To disentangle the recent power dynamics, U.S. foreign policy in the Eastern Mediterranean has to be examined. The Menendez-Rubio Eastern Mediterranean Security and Energy Partnership Act in 2019 marked a shift in U.S. approach to the region from flexible diplomacy to rigid institutional frameworks.

The change in the U.S. orientation was backed by broad bipartisan consensus and pro-Israel and pro-Greece lobbying groups in Washington. The aim was to abolish the historic reliance on Turkey as the guardian of NATO’s southern flank, replacing it by a Greek-Israeli alliance. In this context came the U.S. decision to lift the arms embargo on Cyprus, while the U.S. continued to impose armament restrictions on Ankara.

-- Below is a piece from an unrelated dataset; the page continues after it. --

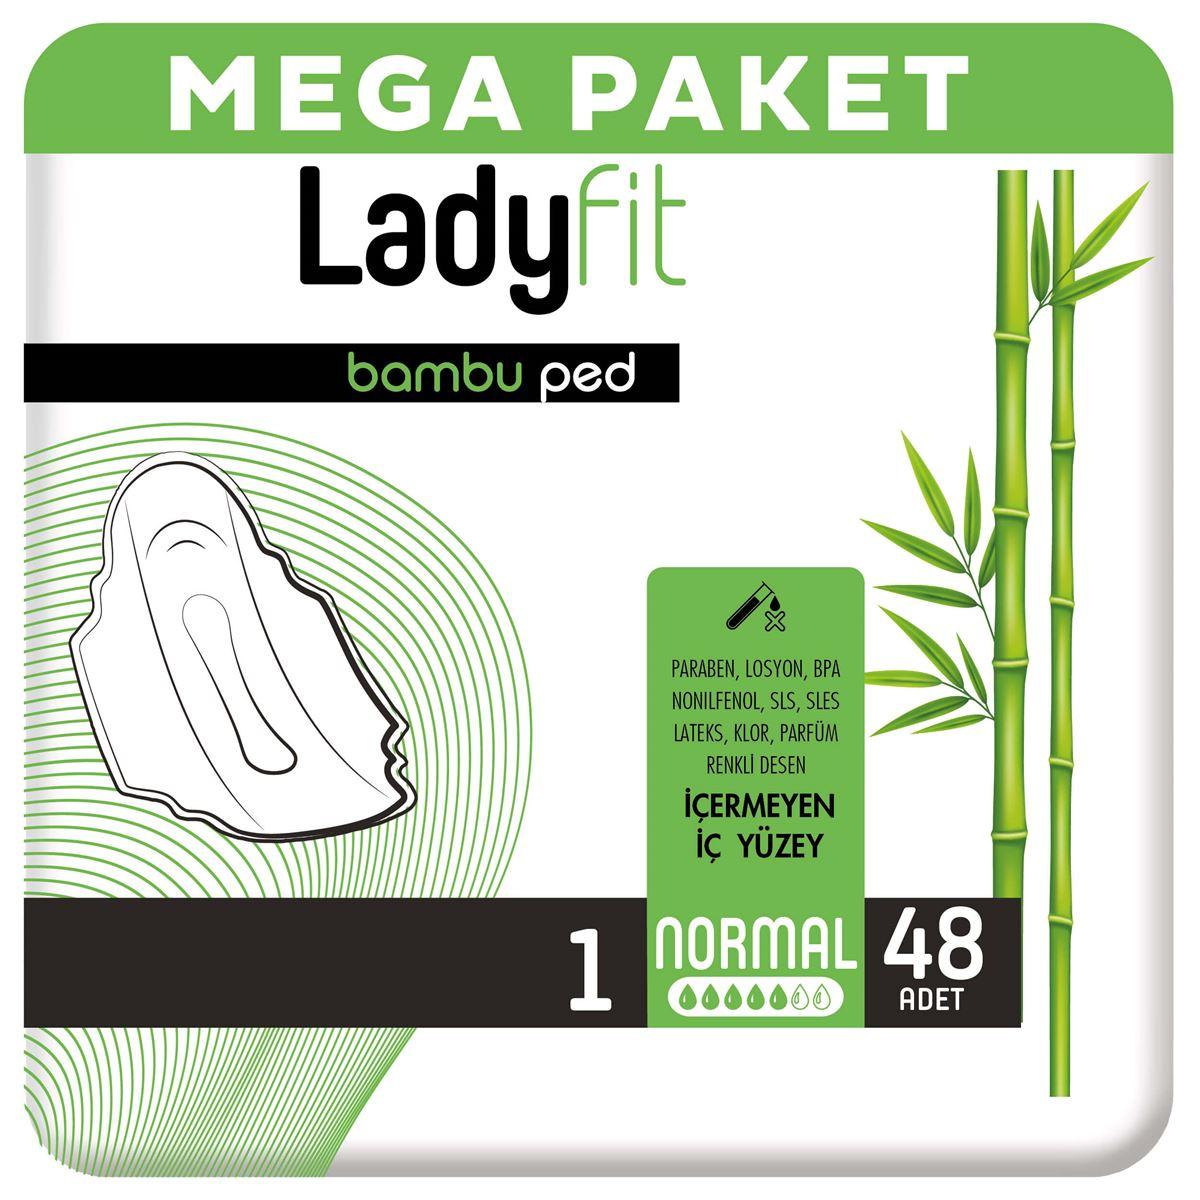 Ladyfit Bambu Ped Mega Normal 48 Ped
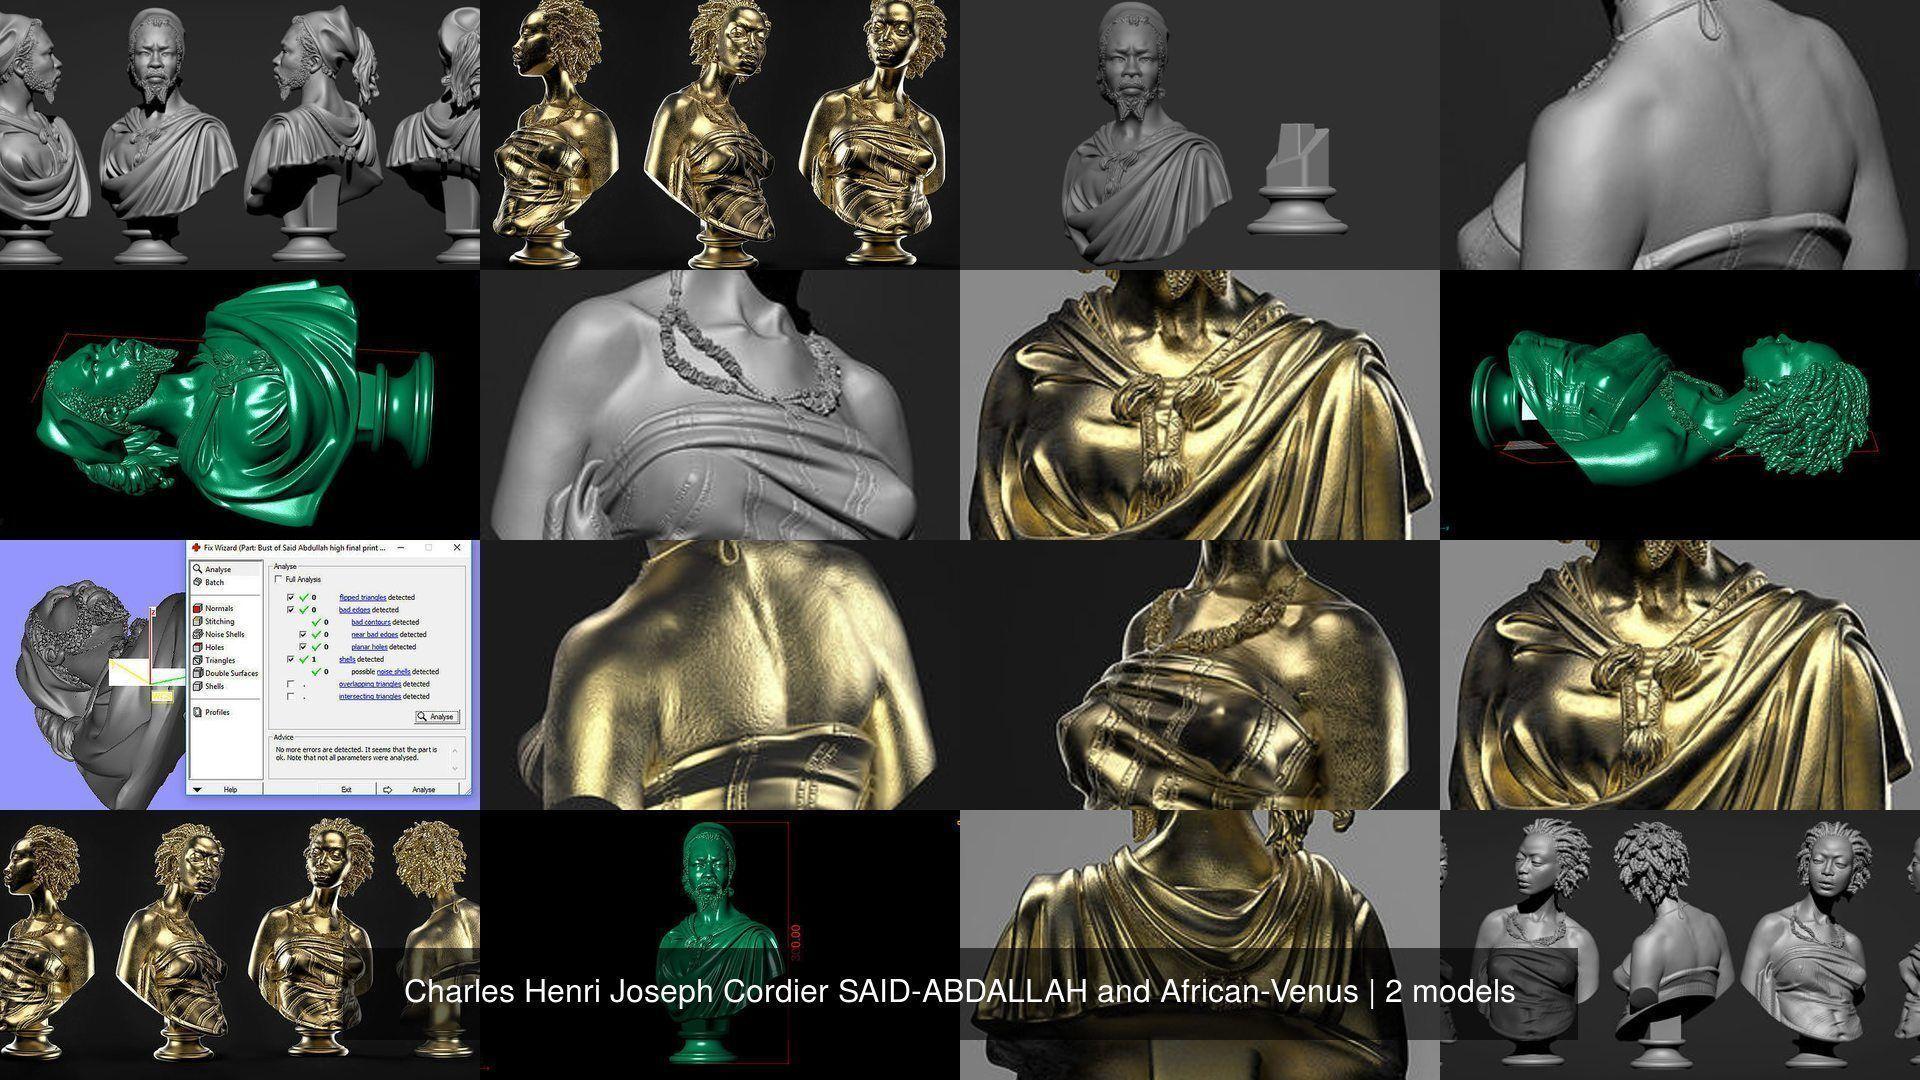 Charles Henri Joseph Cordier SAID-ABDALLAH and African-Venus

This architecture is now being further entrenched through the proposed Eastern Mediterranean Gateway Act. The act aims to bolster the role of Eastern Mediterranean nations as a strategic bridge within the India-Middle East-Europe Economic Corridor (IMEC). The bill goes beyond the economic cooperation, seeking to generalize the model of the CYCLOPS Center in Cyprus.

Since 2018, the United States has established a security relationship with Cyprus aiming at training security teams from Eastern Mediterranean, most notably were Lebanese and Egyptian government officials. To deepen this security collaboration, the Cyprus Center for Land, Open-seas, and Port Security (CYCLOPS) was founded with a declared goal to support capacity-building in nations where in-country training is impossible.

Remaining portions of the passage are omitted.